Preclinical safety data

Non-clinical data reveal no special hazard for humans based on conventional studies of safety pharmacology, and repeated dose toxicity.

Animal carcinogenicity studies have not been conducted with tildrakizumab. Studies in mouse tumor models showed that selective inhibition of IL-23p19 does not increase carcinogenic risk.

In cynomolgus monkeys, there was negligible secretion of the product into breast milk. One month after birth, the milk/serum ratio was ≤0.002. Tildrakizumab was shown to distribute across the placental barrier.
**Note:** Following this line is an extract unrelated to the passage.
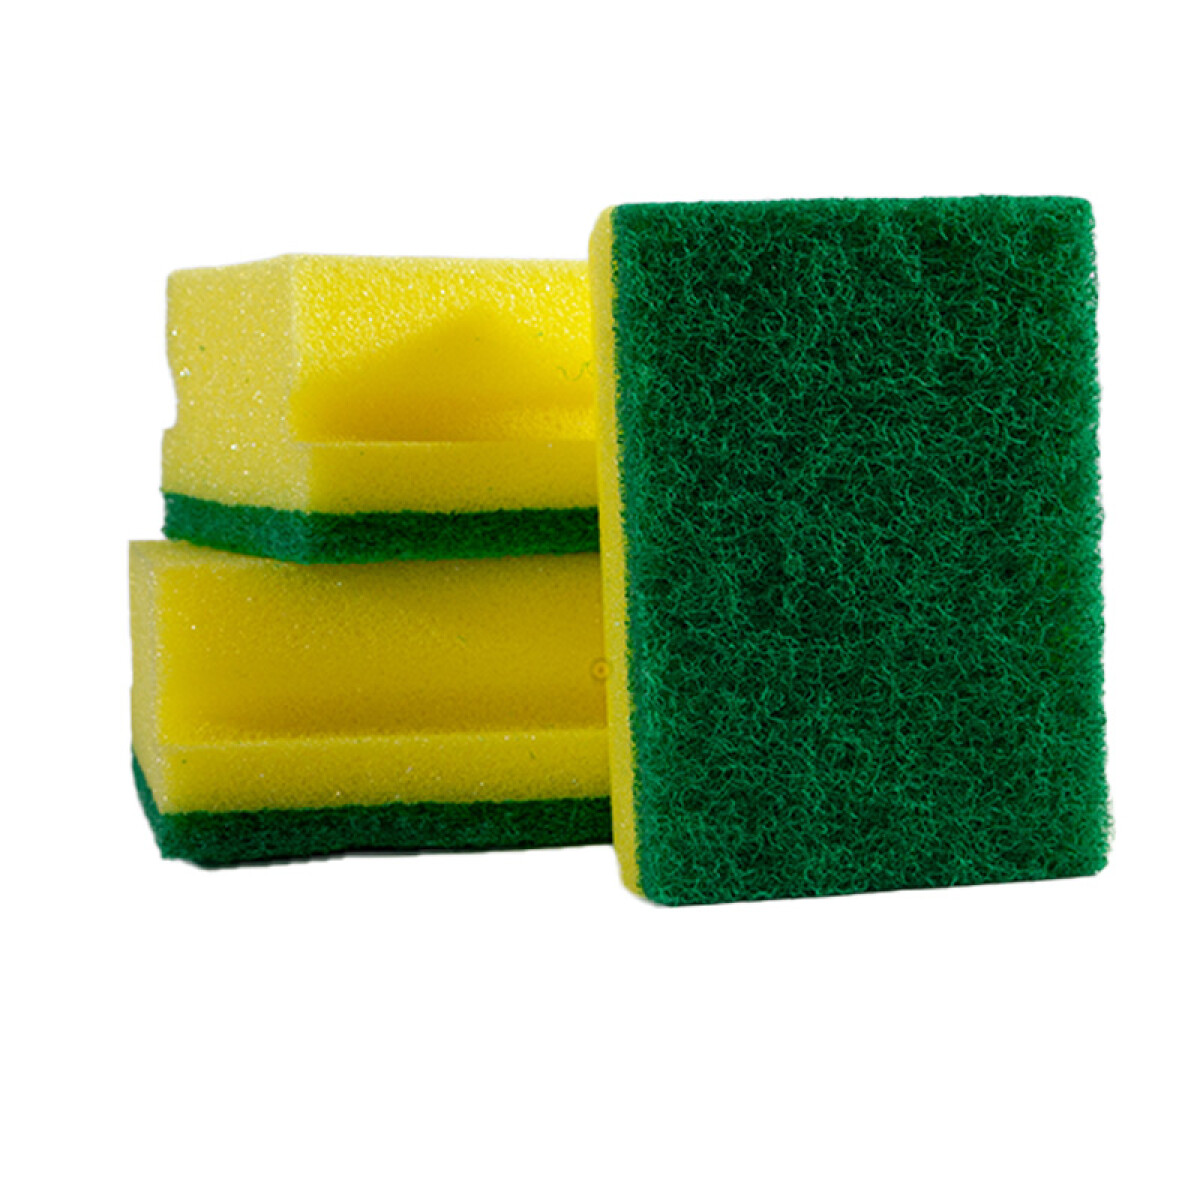 Esponja de cocina gruesa x 3 unidades - amarilla y verde 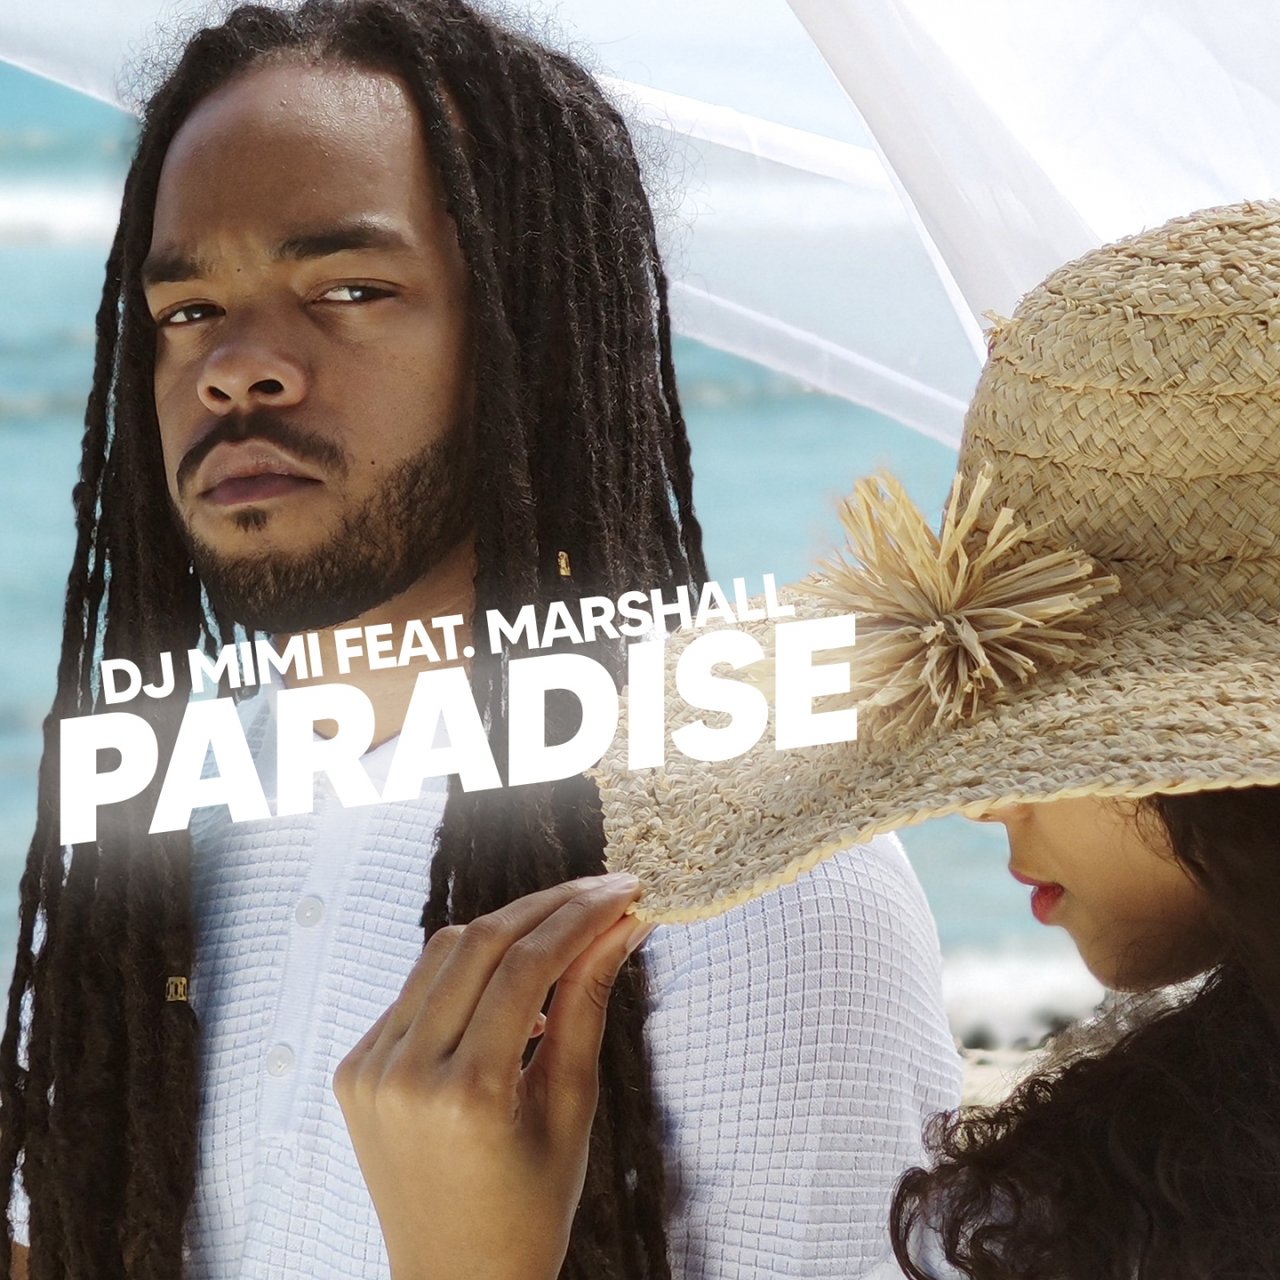 DJ Mimi - Paradise (ft. Marshall) (Cover)

After repeated dosing to pregnant cynomolgus monkeys, serum concentrations were quantifiable in the fetus, but the reproduction toxicity studies did not reveal any untoward effects.

No effects on fertility parameters such as reproductive organs, menstrual cycle length, and/or hormones were observed in male and female cynomolgus monkeys that were administered tildrakizumab at doses resulting in >100 times the human exposure at the recommended clinical dose based on AUC.

In a pre- and postnatal development toxicity study in monkeys, no related increase in pregnancy loss was observed at exposures up to 85 times the human exposure at the recommended dose. No harmful effects were noted in neonates at maternal exposures up to 9 times the human exposure at the recommended dose. Two neonatal deaths from monkeys administered tildrakizumab at maternal exposure of 85 times the human exposure at the recommended dose were attributed to possible viral infection and considered of uncertain relationship to the treatment. The clinical significance of these findings is unknown.